## Supplied material
────────────────────

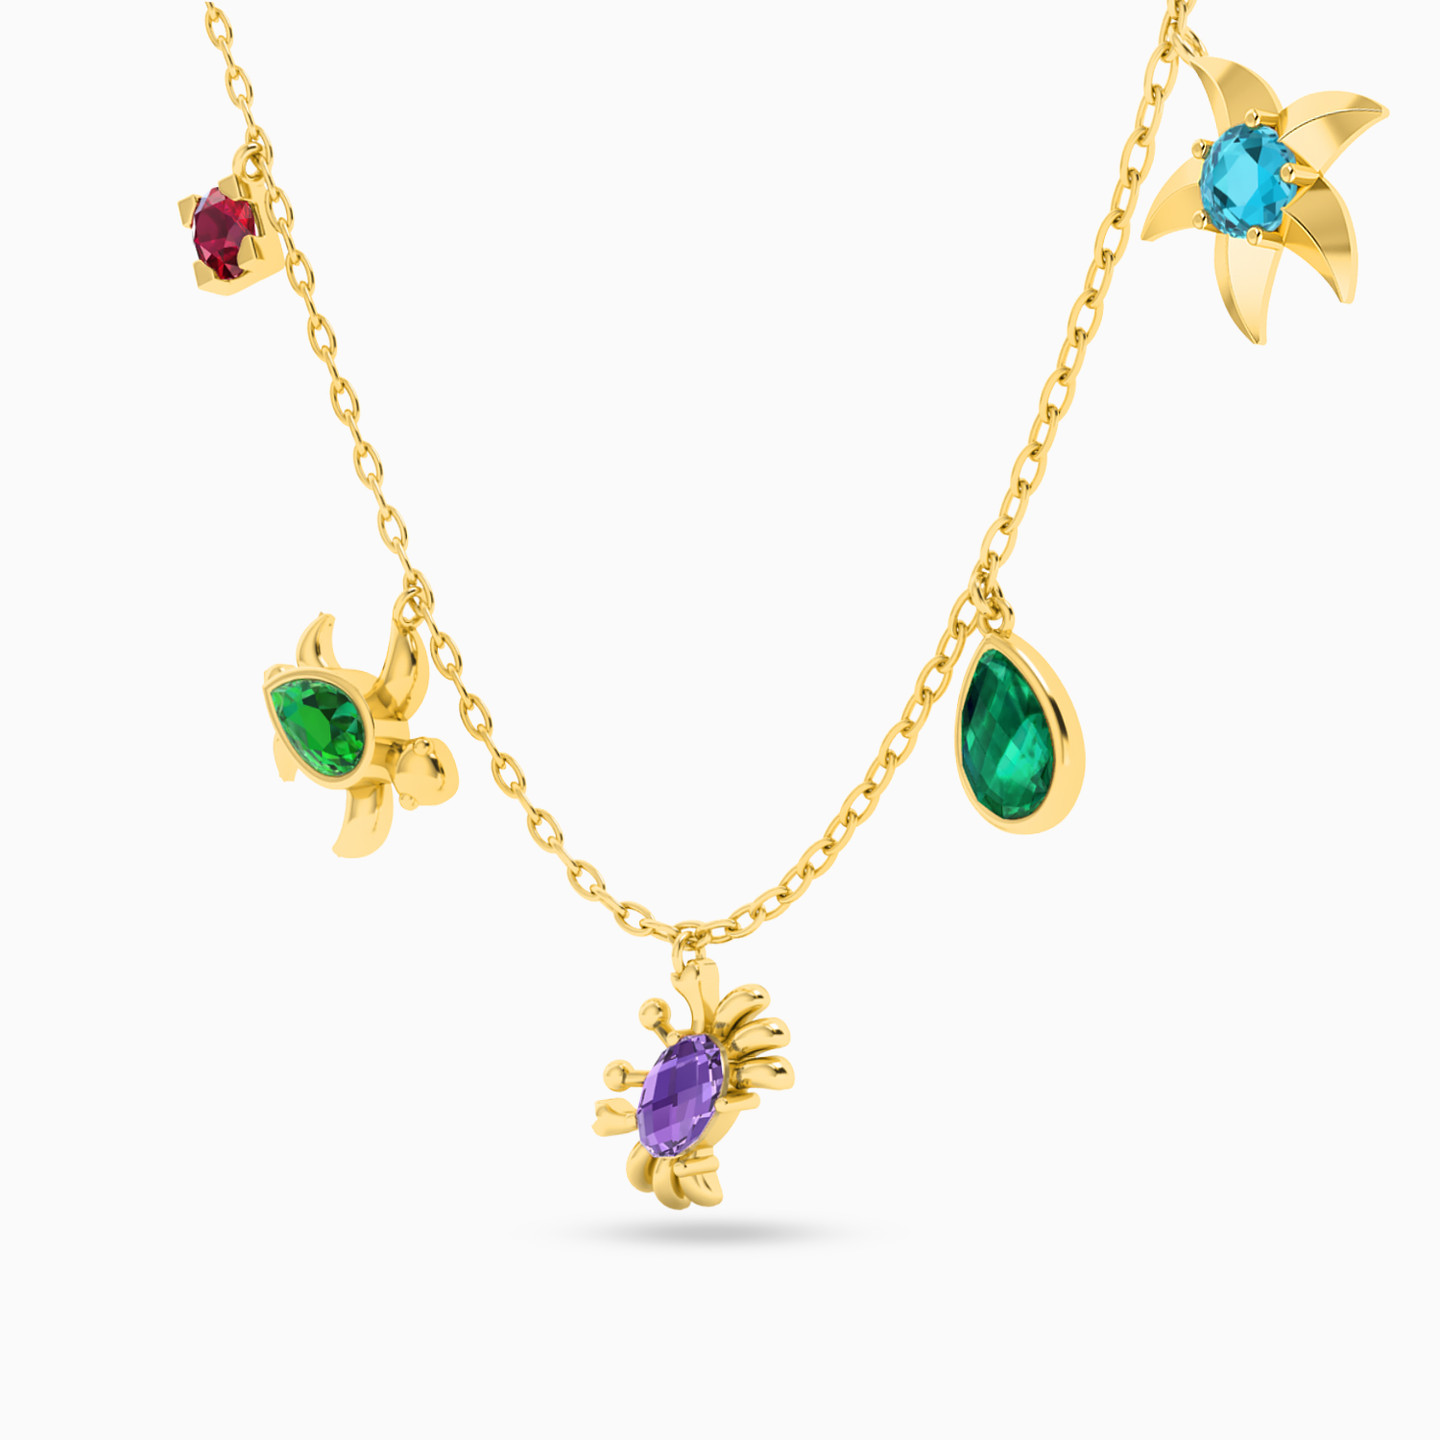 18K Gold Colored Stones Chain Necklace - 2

────────────────────

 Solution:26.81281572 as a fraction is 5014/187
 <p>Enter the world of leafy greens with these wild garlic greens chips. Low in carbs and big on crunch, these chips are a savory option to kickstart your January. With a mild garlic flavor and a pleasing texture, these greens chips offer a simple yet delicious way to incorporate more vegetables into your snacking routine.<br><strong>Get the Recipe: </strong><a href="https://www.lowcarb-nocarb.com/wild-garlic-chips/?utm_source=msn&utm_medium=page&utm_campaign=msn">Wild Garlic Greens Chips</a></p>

────────────────────

## Your objective
Print, without alteration, only the lines above between the one holding "Solution:26.81281572 as a" and the one holding "<p>Enter the world", inclusive.

## Response
 Solution:26.81281572 as a fraction is 5014/187
 <p>Enter the world of leafy greens with these wild garlic greens chips. Low in carbs and big on crunch, these chips are a savory option to kickstart your January. With a mild garlic flavor and a pleasing texture, these greens chips offer a simple yet delicious way to incorporate more vegetables into your snacking routine.<br><strong>Get the Recipe: </strong><a href="https://www.lowcarb-nocarb.com/wild-garlic-chips/?utm_source=msn&utm_medium=page&utm_campaign=msn">Wild Garlic Greens Chips</a></p>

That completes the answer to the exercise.